Copy the records that follow exactly as written, but not their pictures.

[INFORMATION SUPPLIED Boundary: Start]

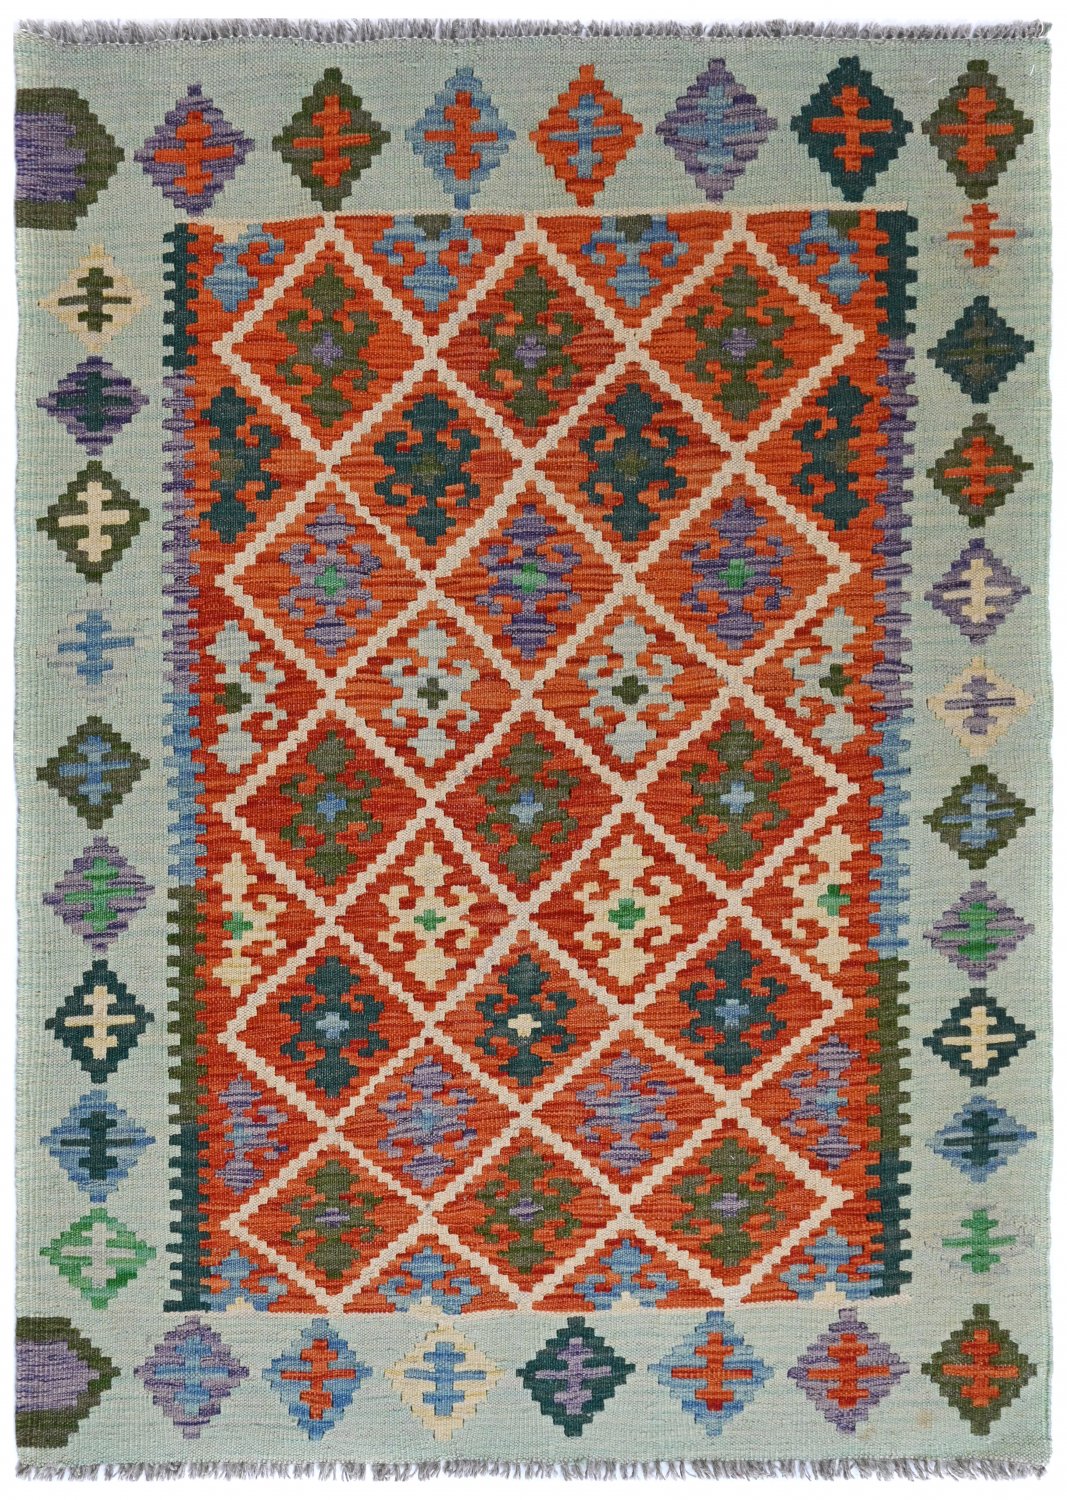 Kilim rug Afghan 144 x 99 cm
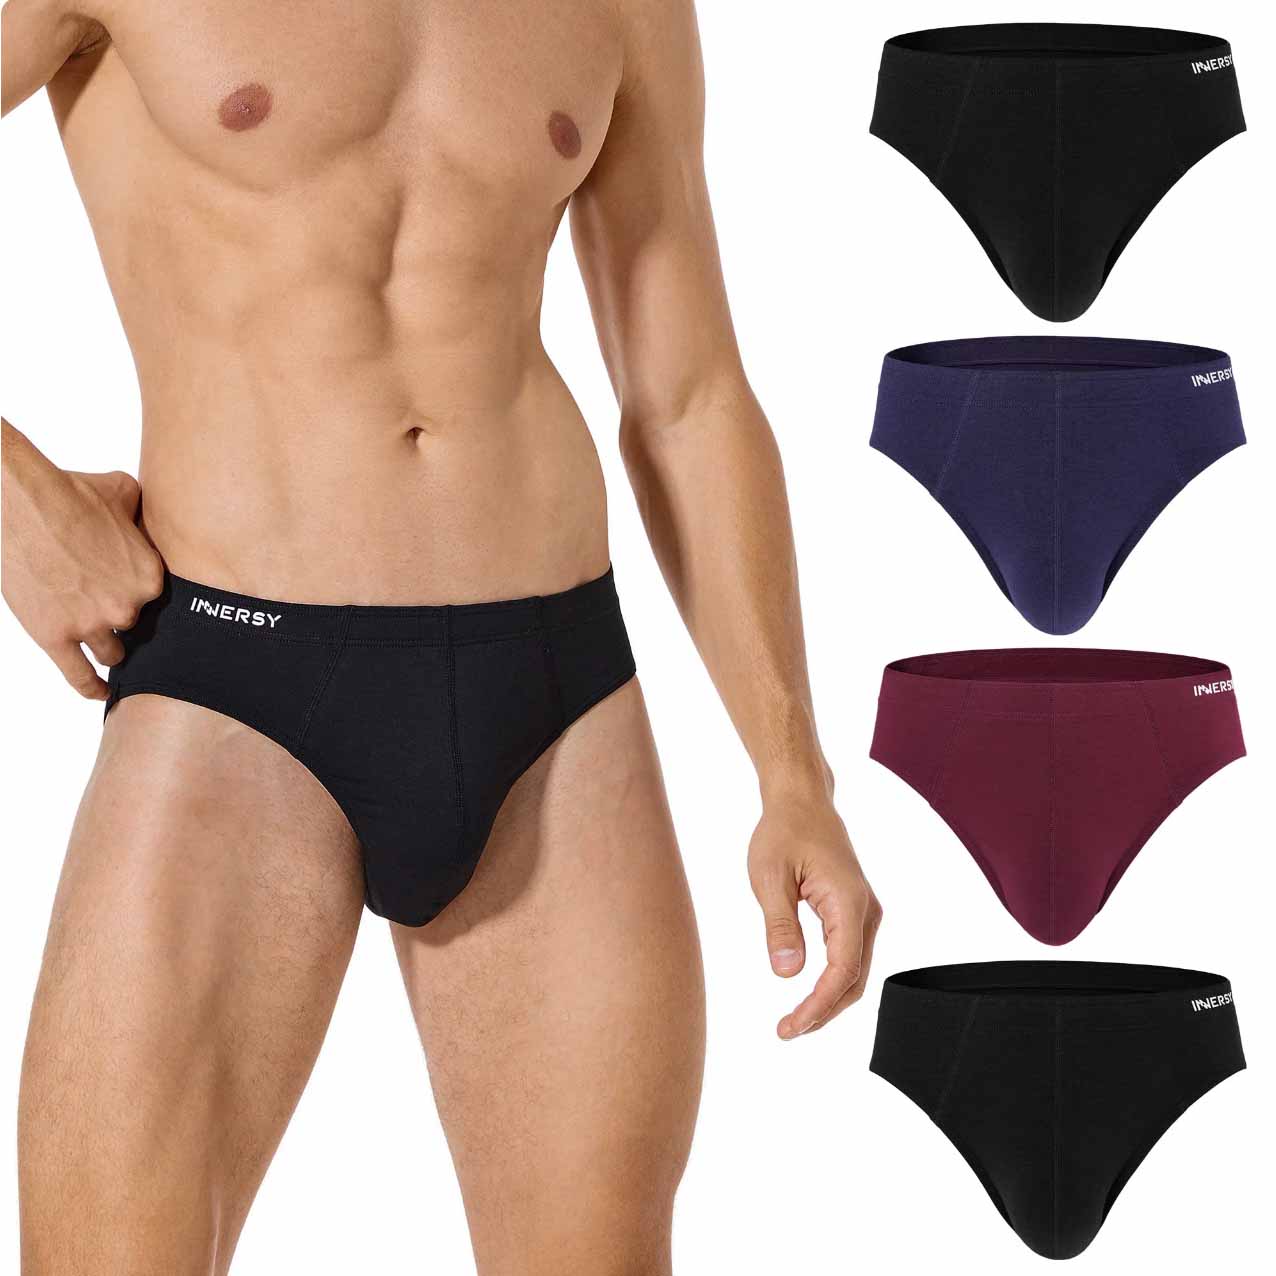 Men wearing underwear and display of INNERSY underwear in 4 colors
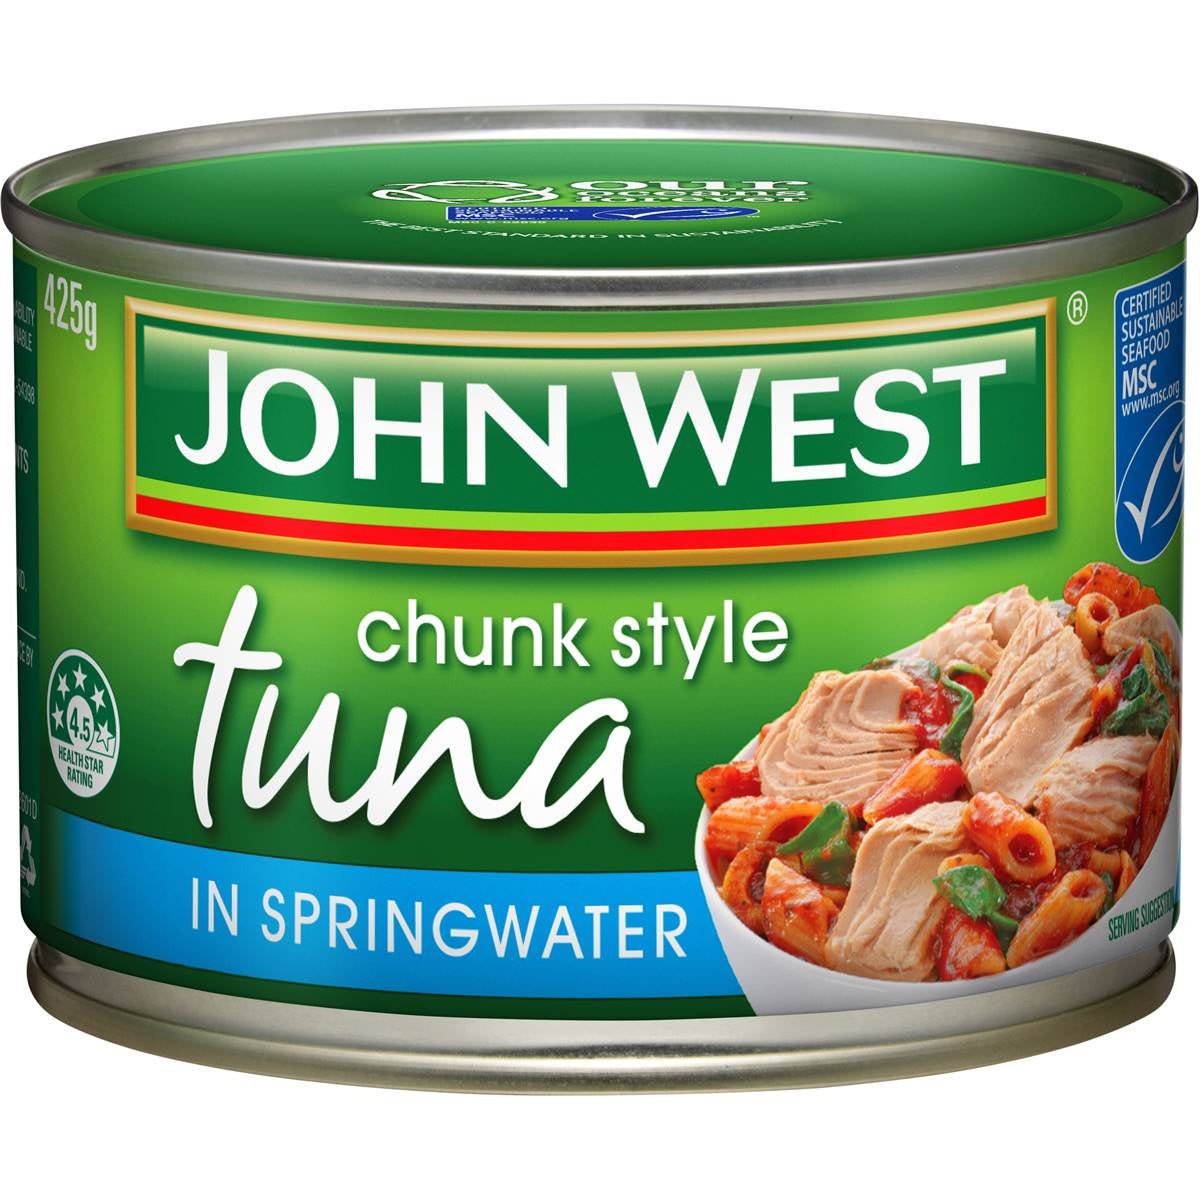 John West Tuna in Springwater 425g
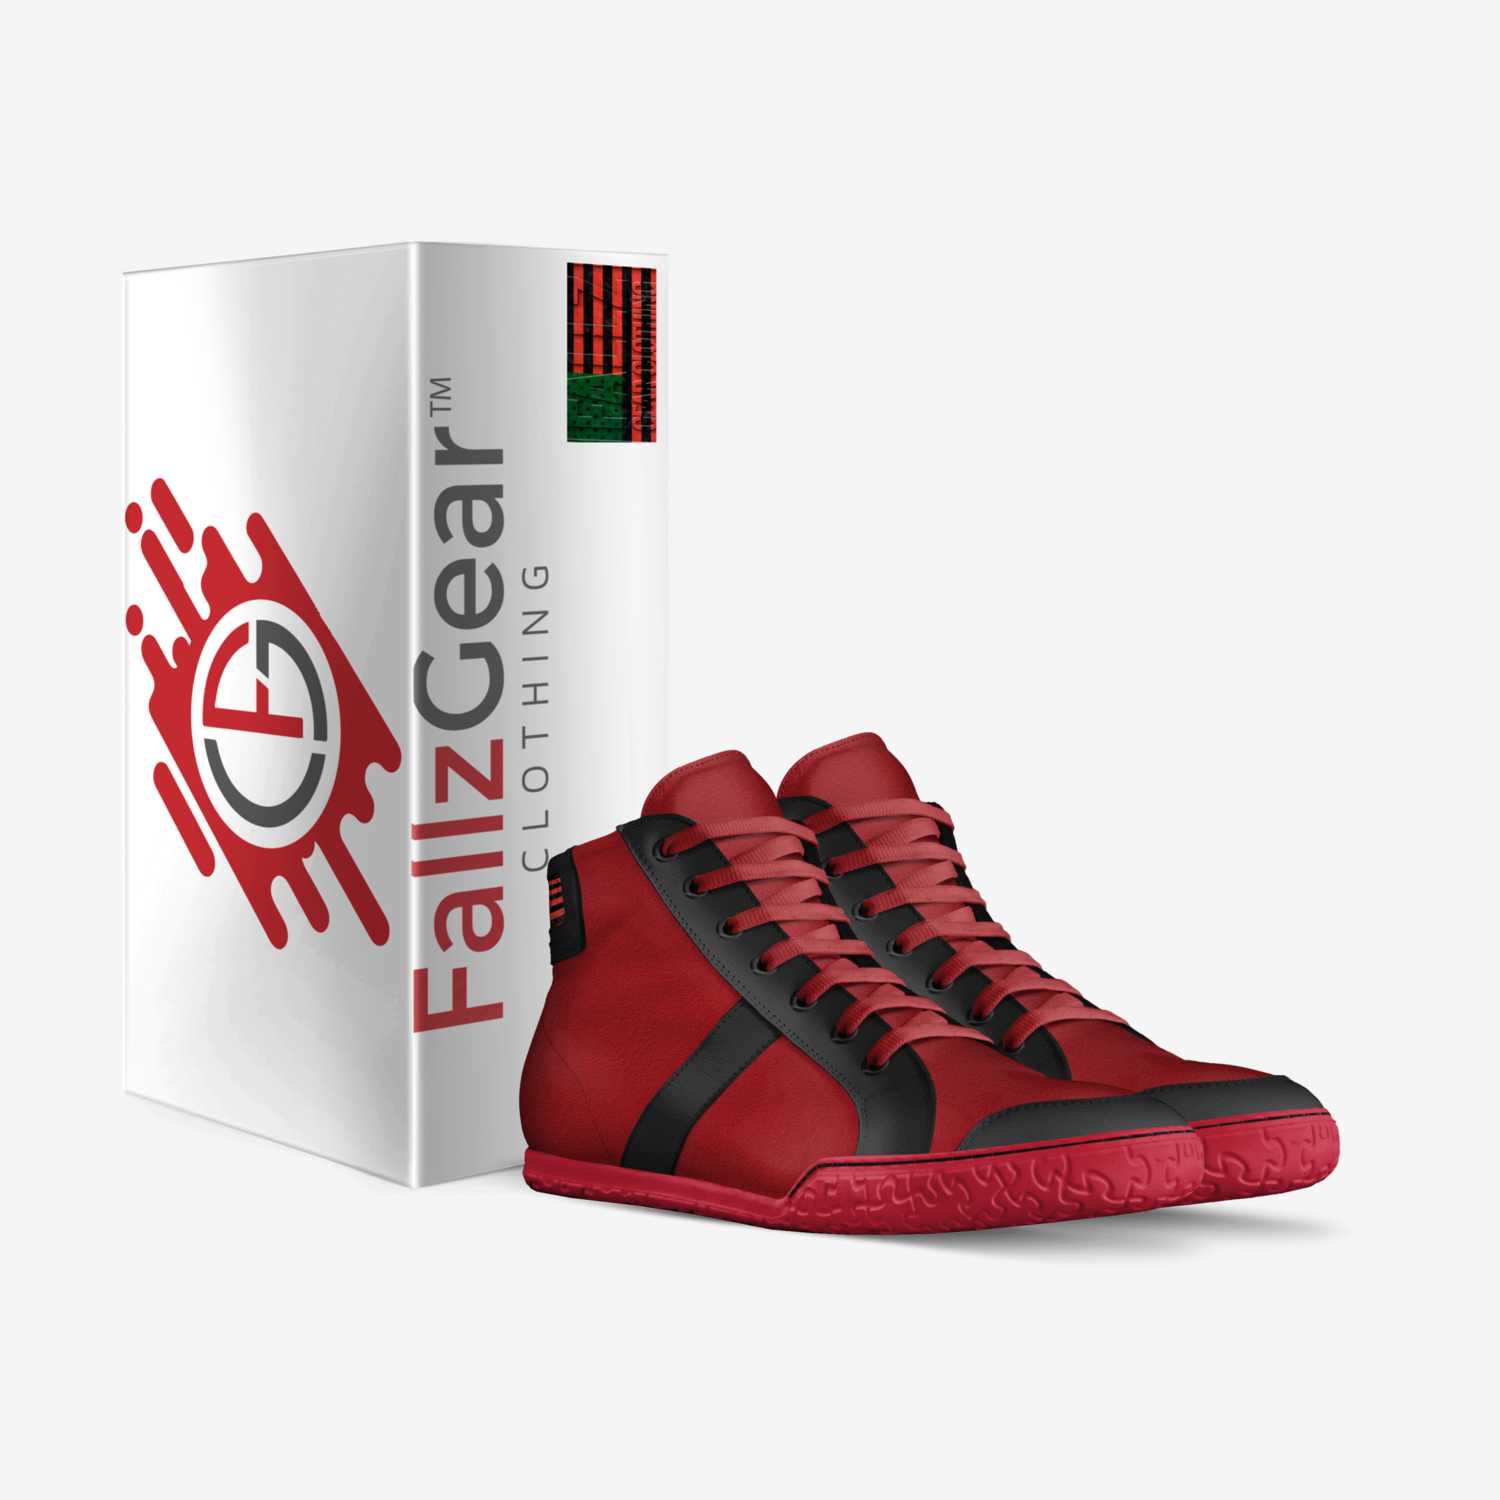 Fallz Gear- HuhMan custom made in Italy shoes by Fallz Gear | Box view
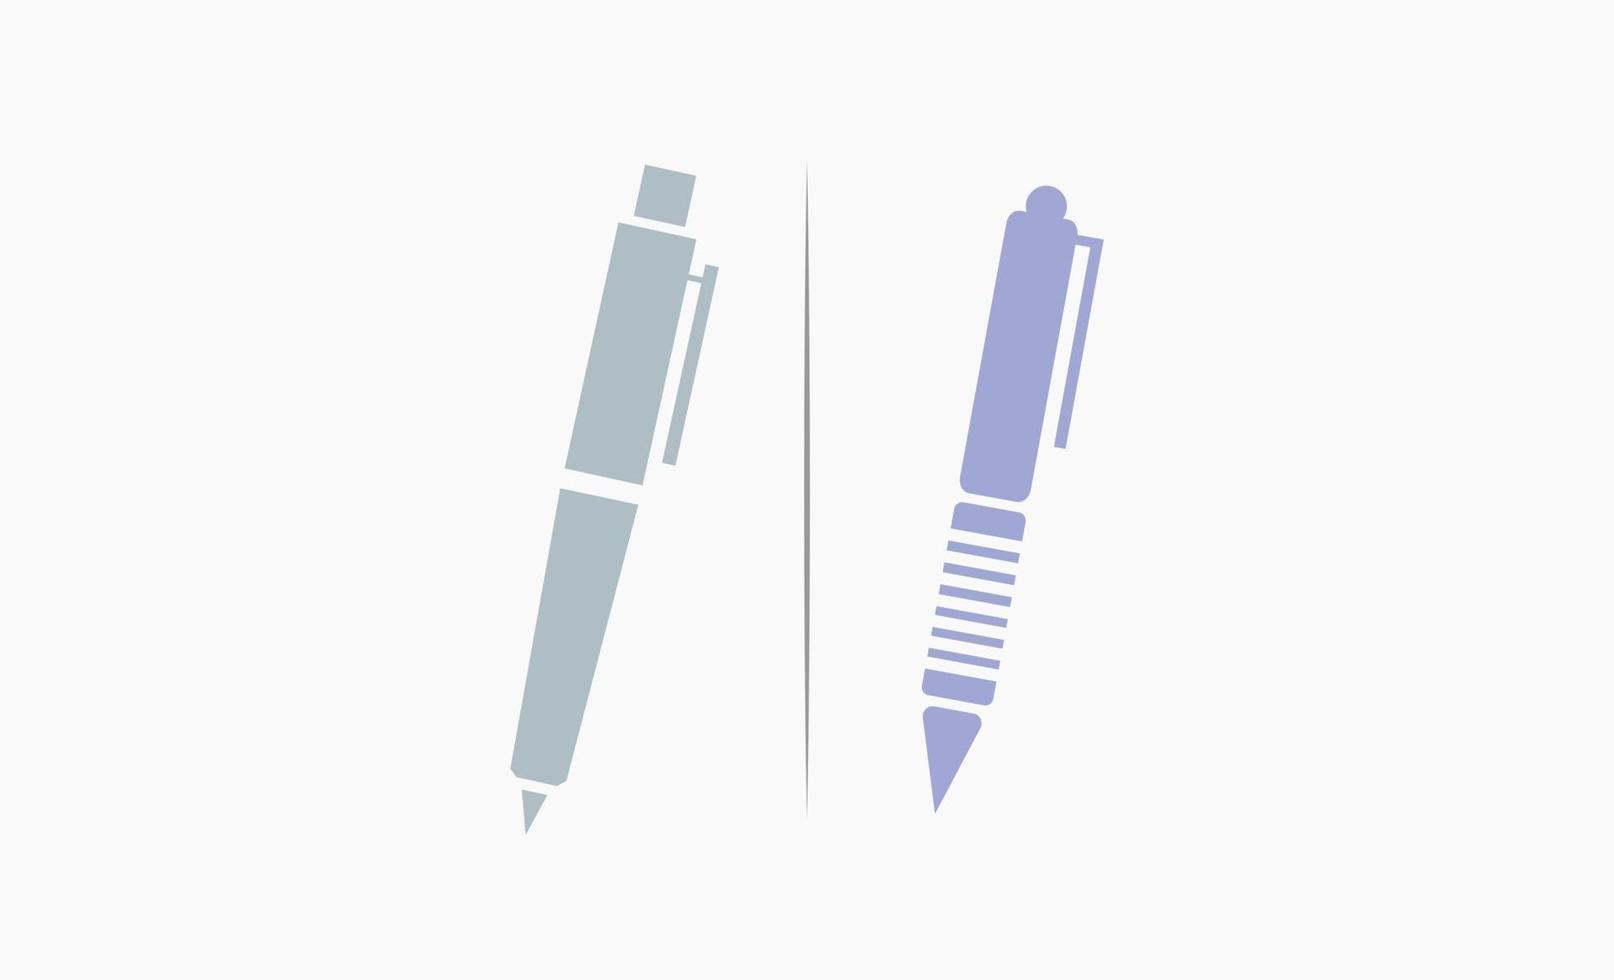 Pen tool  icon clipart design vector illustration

[INFORMATION SUPPLIED Boundary: End]

## [RESULT FOR THIS TASK]
 Kilim rug Afghan 144 x 99 cm
 Men wearing underwear and display of INNERSY underwear in 4 colors
 John West Tuna in Springwater 425g
 Fallz Gear- HuhMan custom made in Italy shoes by Fallz Gear | Box view
 Pen tool  icon clipart design vector illustration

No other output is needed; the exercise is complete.